**DATASET EXCERPTS:**
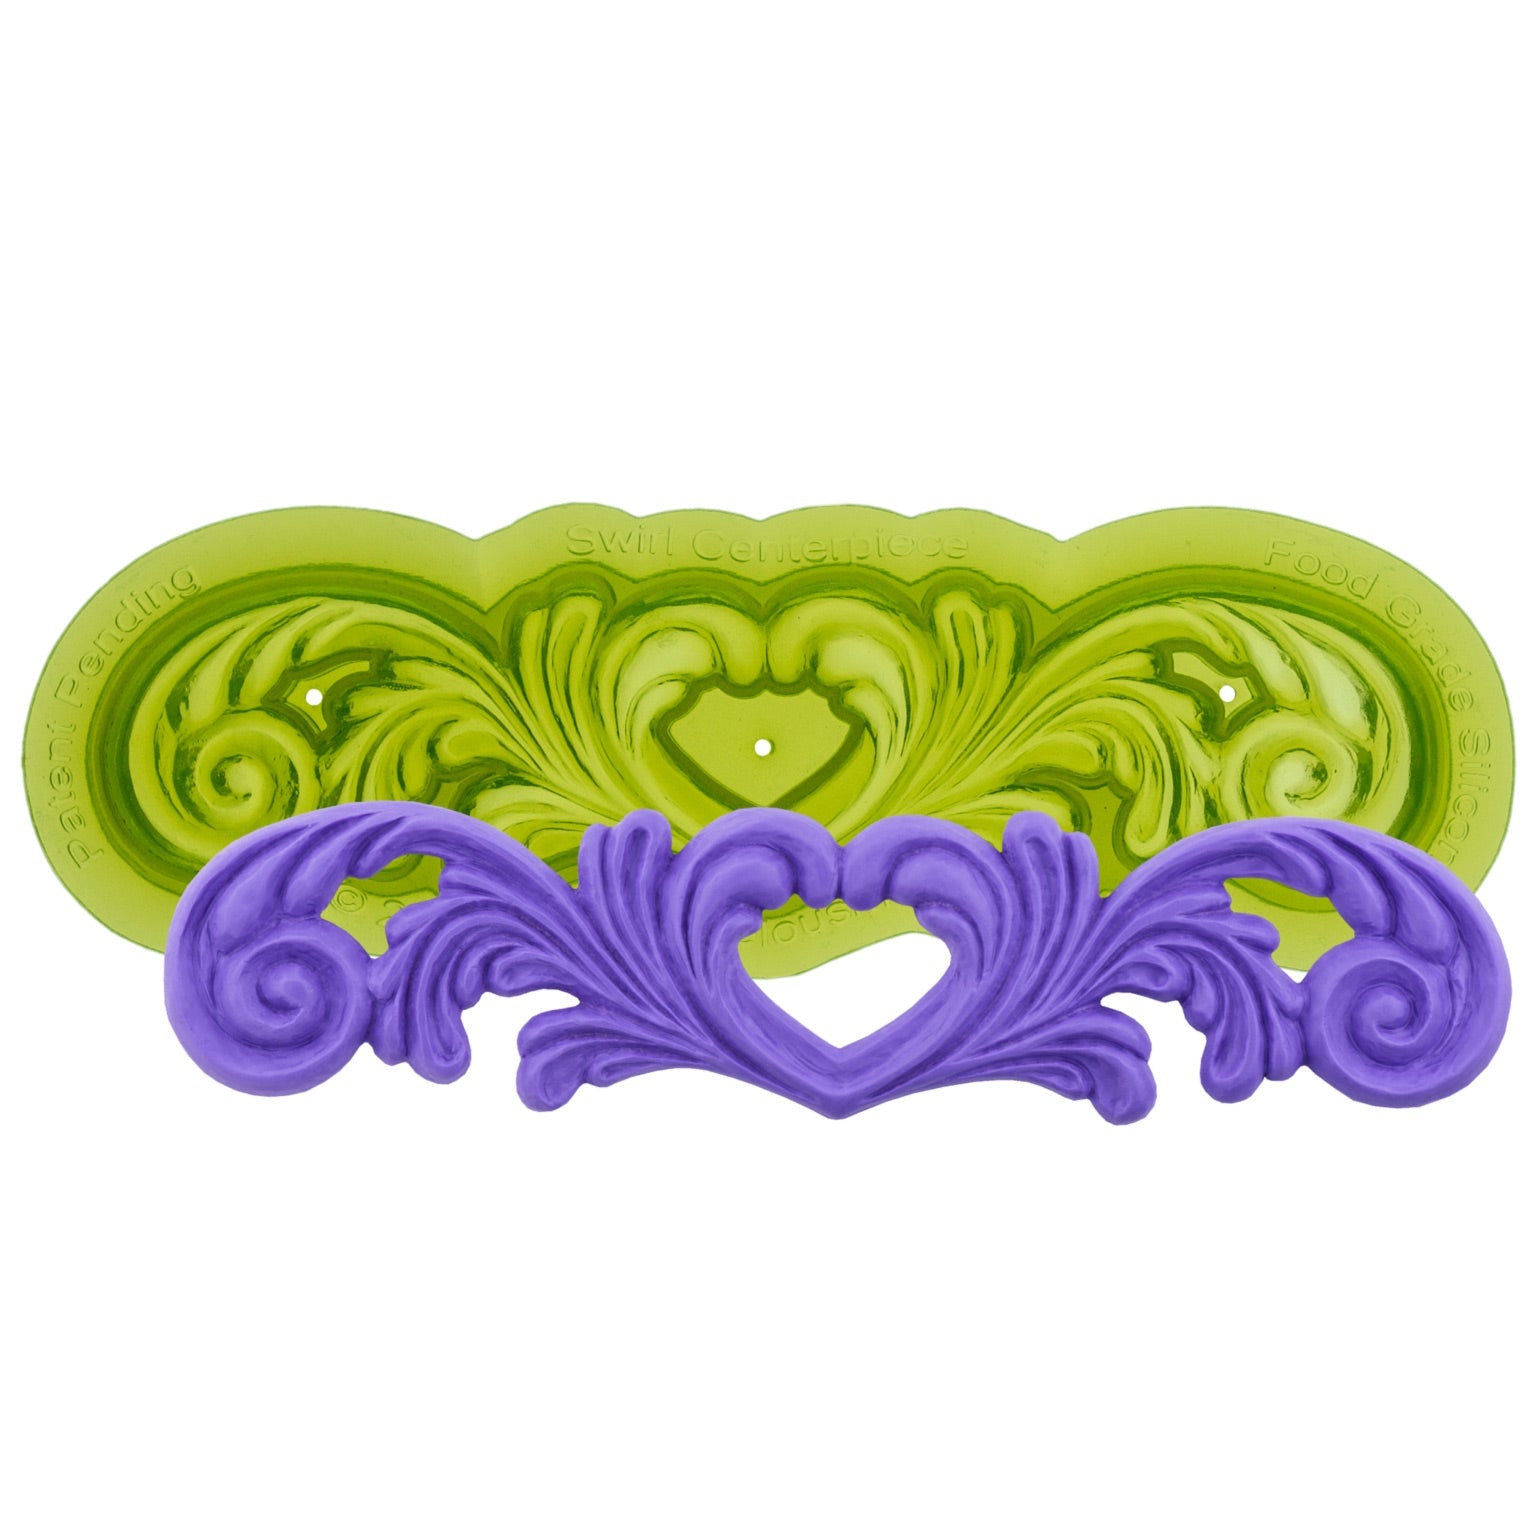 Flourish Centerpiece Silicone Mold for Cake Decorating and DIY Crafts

---

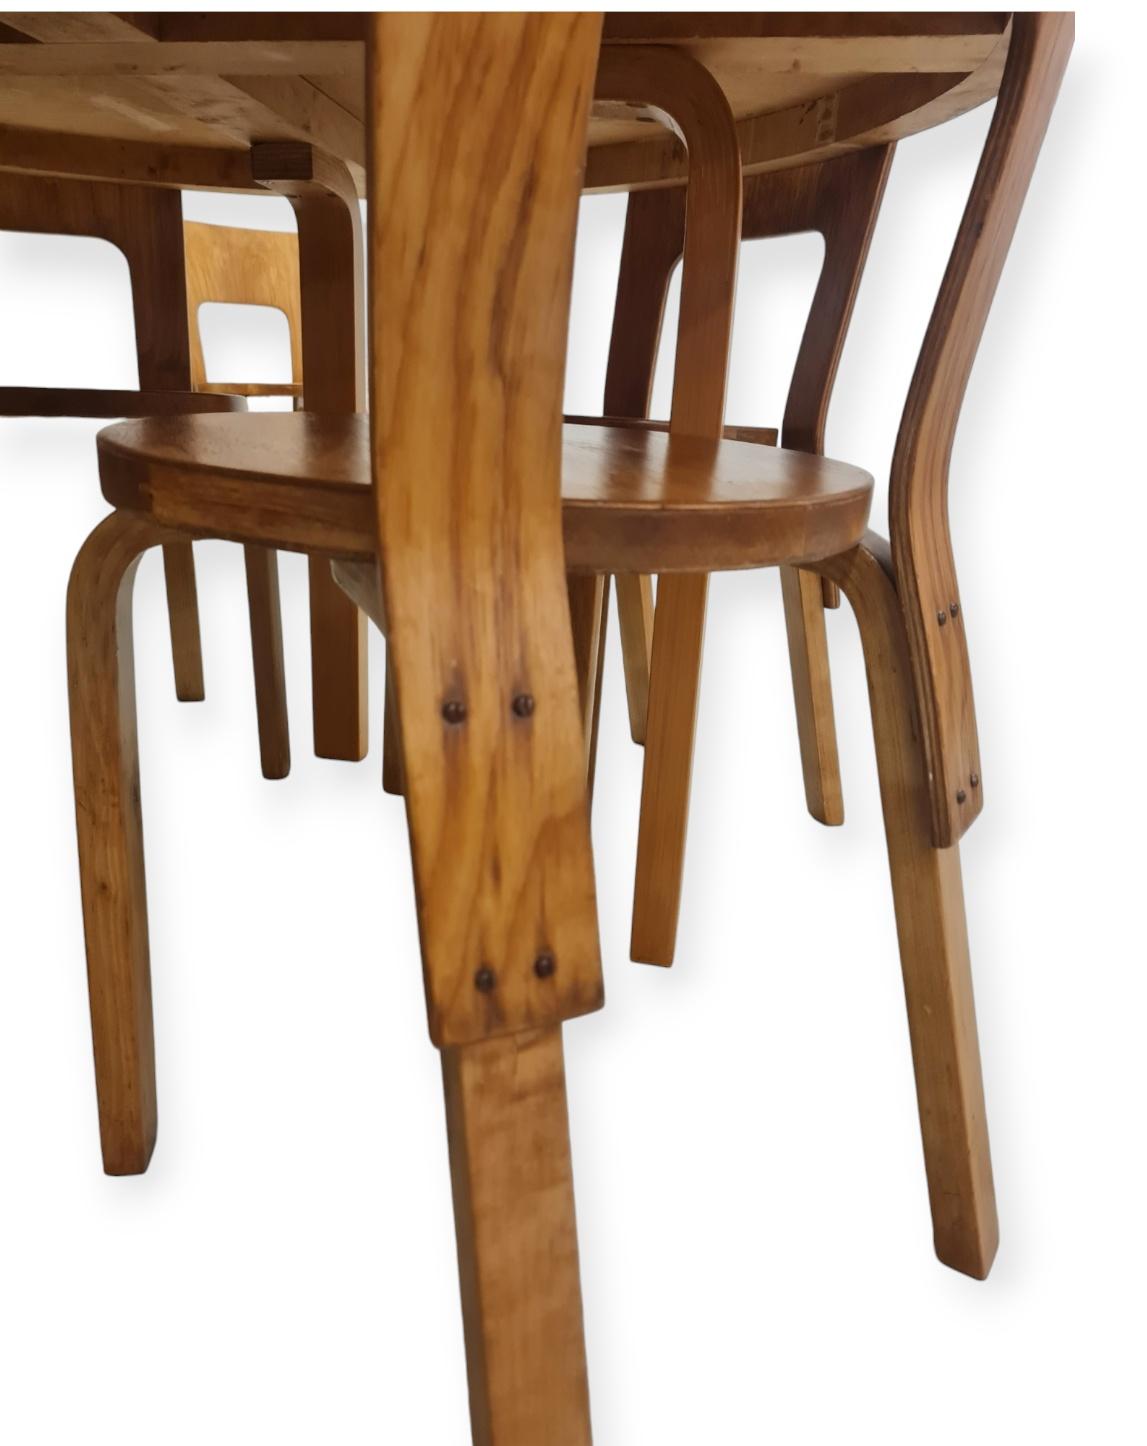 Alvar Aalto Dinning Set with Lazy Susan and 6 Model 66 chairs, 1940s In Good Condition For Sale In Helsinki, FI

---

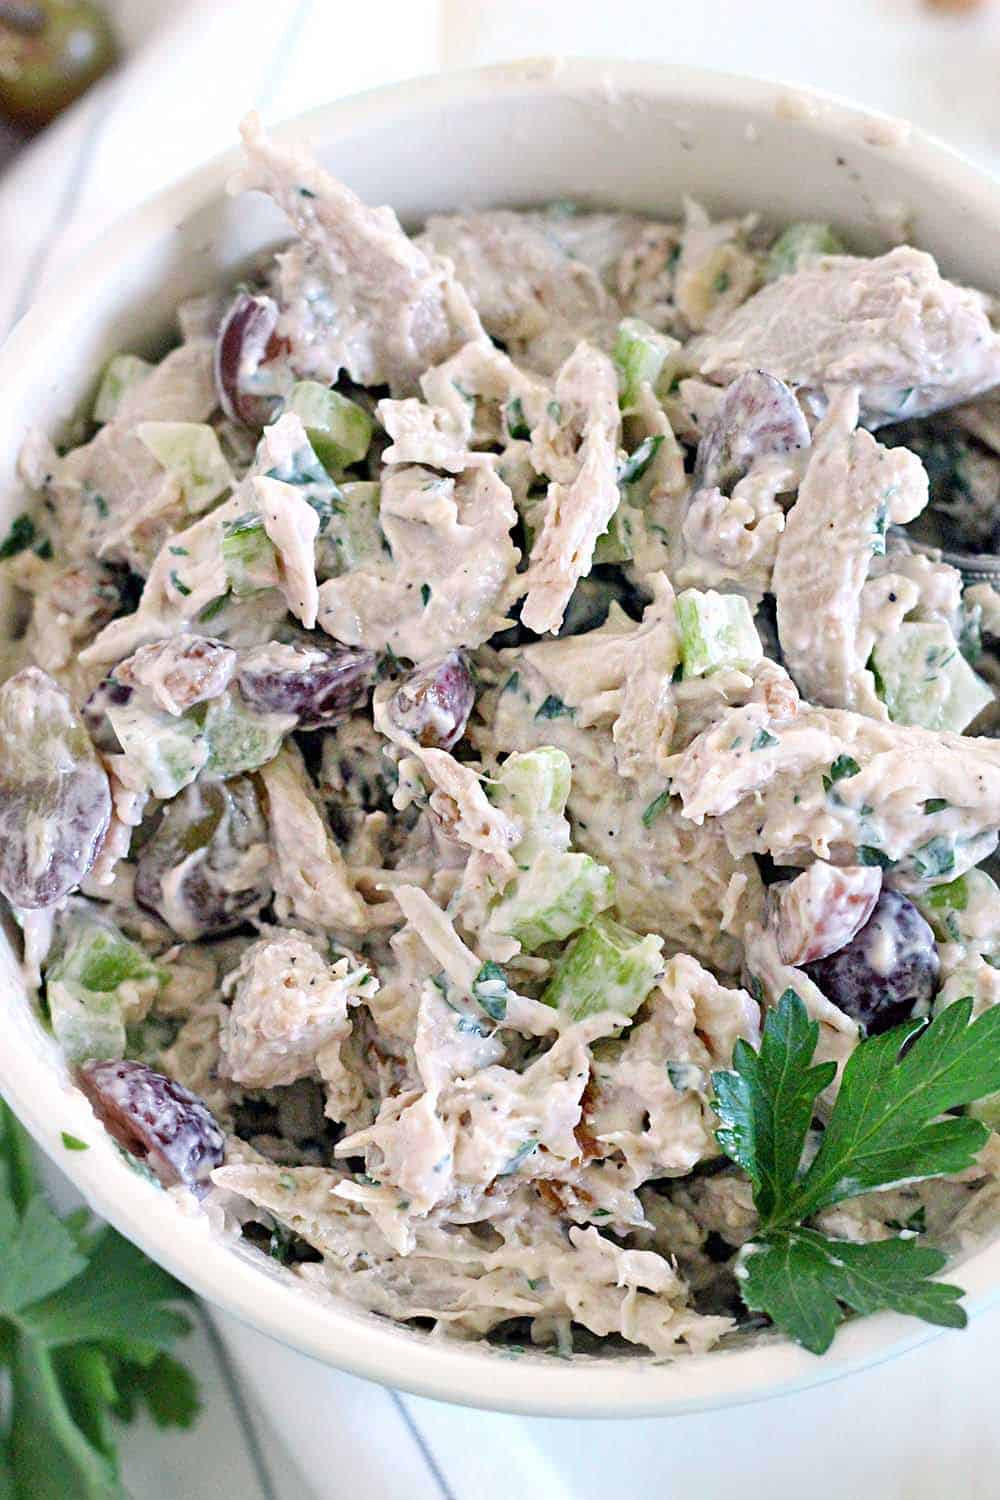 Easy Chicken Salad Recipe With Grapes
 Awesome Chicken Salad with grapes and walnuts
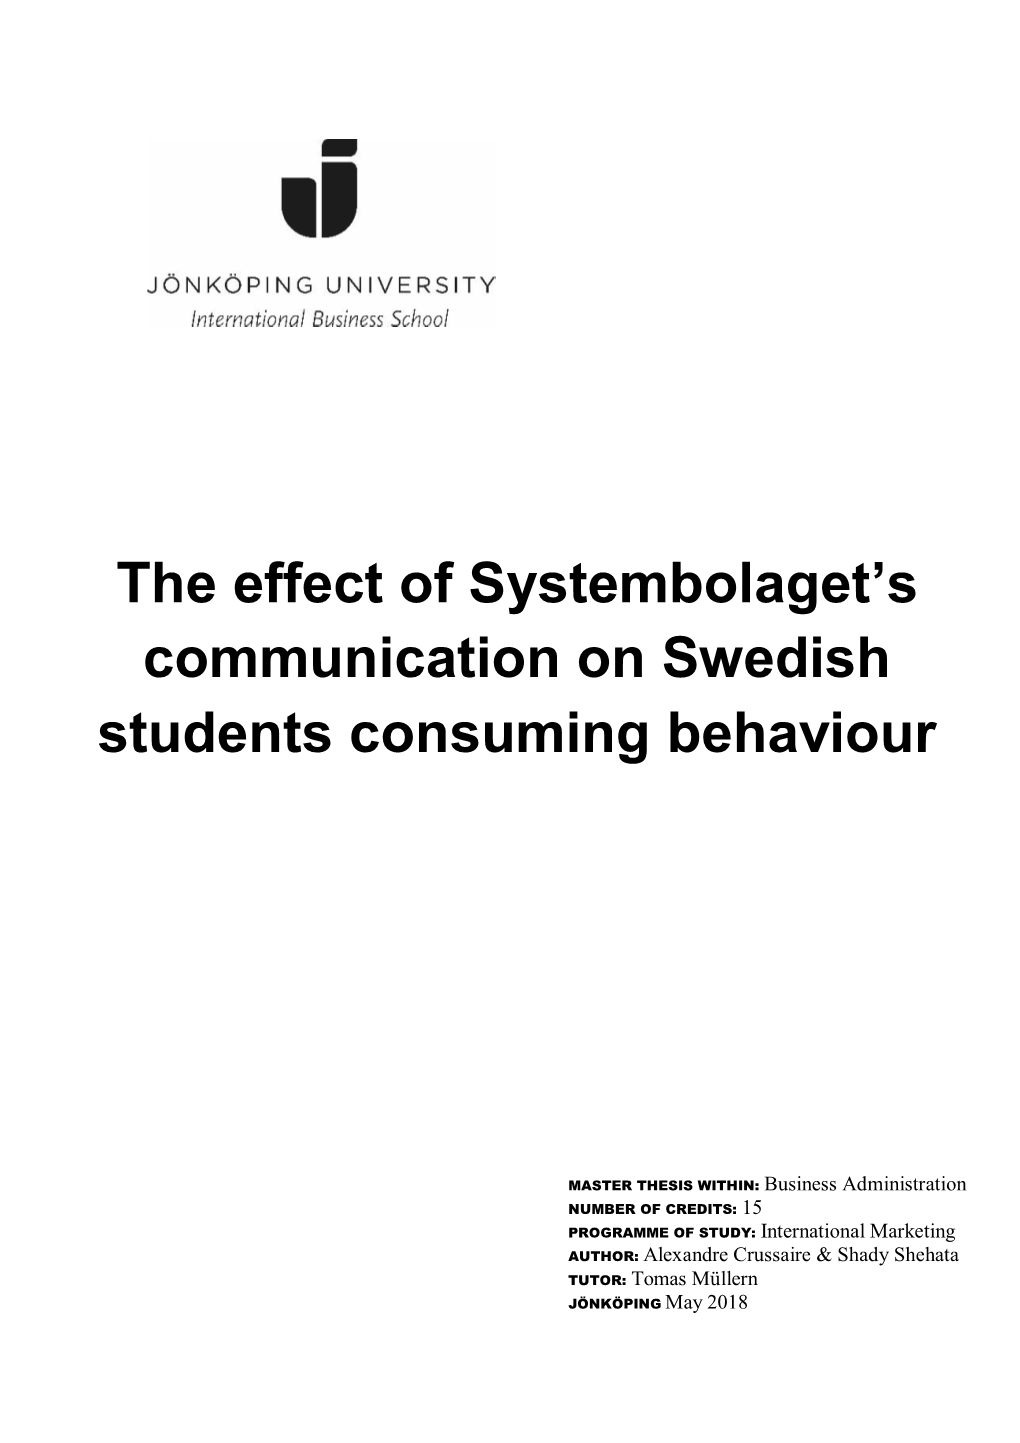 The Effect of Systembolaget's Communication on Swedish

**THE TASK:**
Starting at the line above that holds "Awesome Chicken Salad", return each line up to and including the one that holds "The Effect of", exactly as written, minus any pictures.

**RESPONSE AREA:**
 Awesome Chicken Salad with grapes and walnuts
 The Effect of Systembolaget's Communication on Swedish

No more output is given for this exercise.